En cada matrimonio existe una complicidad divina. Dios se asocia con un hombre y una mujer para el milagro de la procreación. Cada uno de nosotros somos resultado de esa sociedad perfecta, el asunto es...hasta adonde dejamos que Dios se meta en nuestra familia, en nuestro matrimonio y con nuestros hijos.

No debemos perder de vista que los hijos no son nuestros, son herencia de Jehová. Los padres somos solamente los administradores de esa herencia. Por eso es muy crucial el privilegio de ser padres, tenemos en nuestras manos un alma en la cual se está escribiendo una historia eterna. Una historia que traerá gratos o malos recuerdos, situaciones que facilitarán o servirán de lastre para su relación con Jesús.

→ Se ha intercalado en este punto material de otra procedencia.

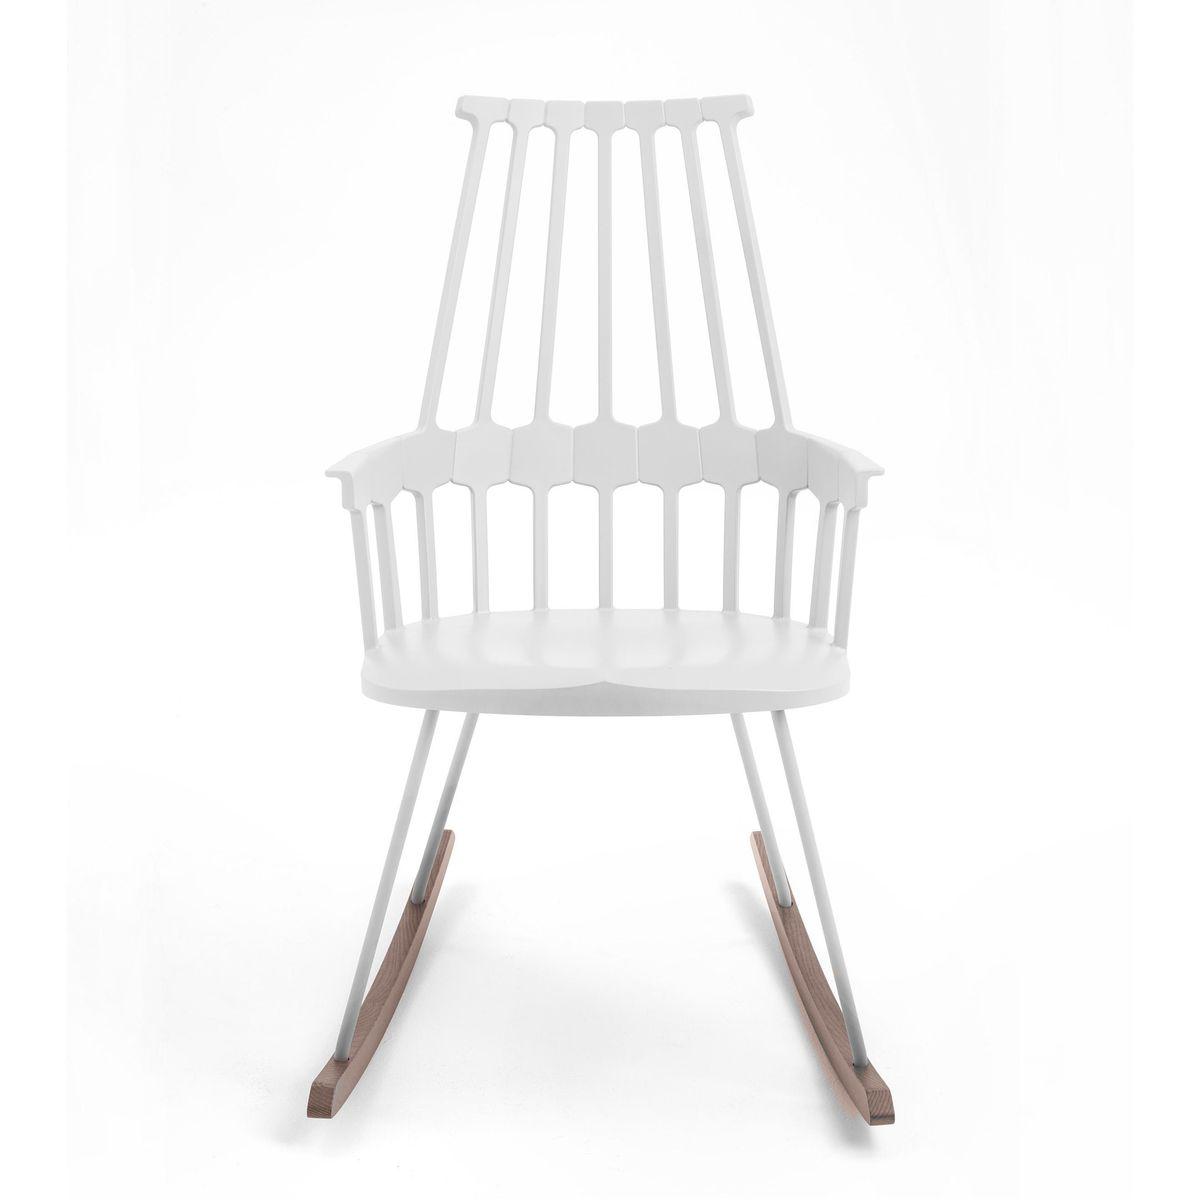 Comback chair schaukelstuhl kartell for Schaukelstuhl kufen

Es la historia de toda nuestra vida, nuestras limitantes con respecto al amor de Dios es que lo ponemos en perspectiva con la relación que tuvimos con nuestros padres. Debemos procurar para nuestros hijos un futuro donde les sea fácil caminar bajo la voluntad de Dios.

Para lograr ese propósito es necesario el amor, pero el amor en todas sus dimensiones: caricias, abrazos, regalos, instrucción, corrección, limites, responsabilidades y privilegios. No podemos ser tan egoístas con nuestros hijos y negarles la valiosa lección de la instrucción y la corrección. Sería un gran pecado el inculcar en nuestros hijos una mentalidad de derechos, merecedores de todo, antes de ponerlos en la realidad que lo que ellos tienen son algunos privilegios que son ganados a medida su obediencia lo amerite.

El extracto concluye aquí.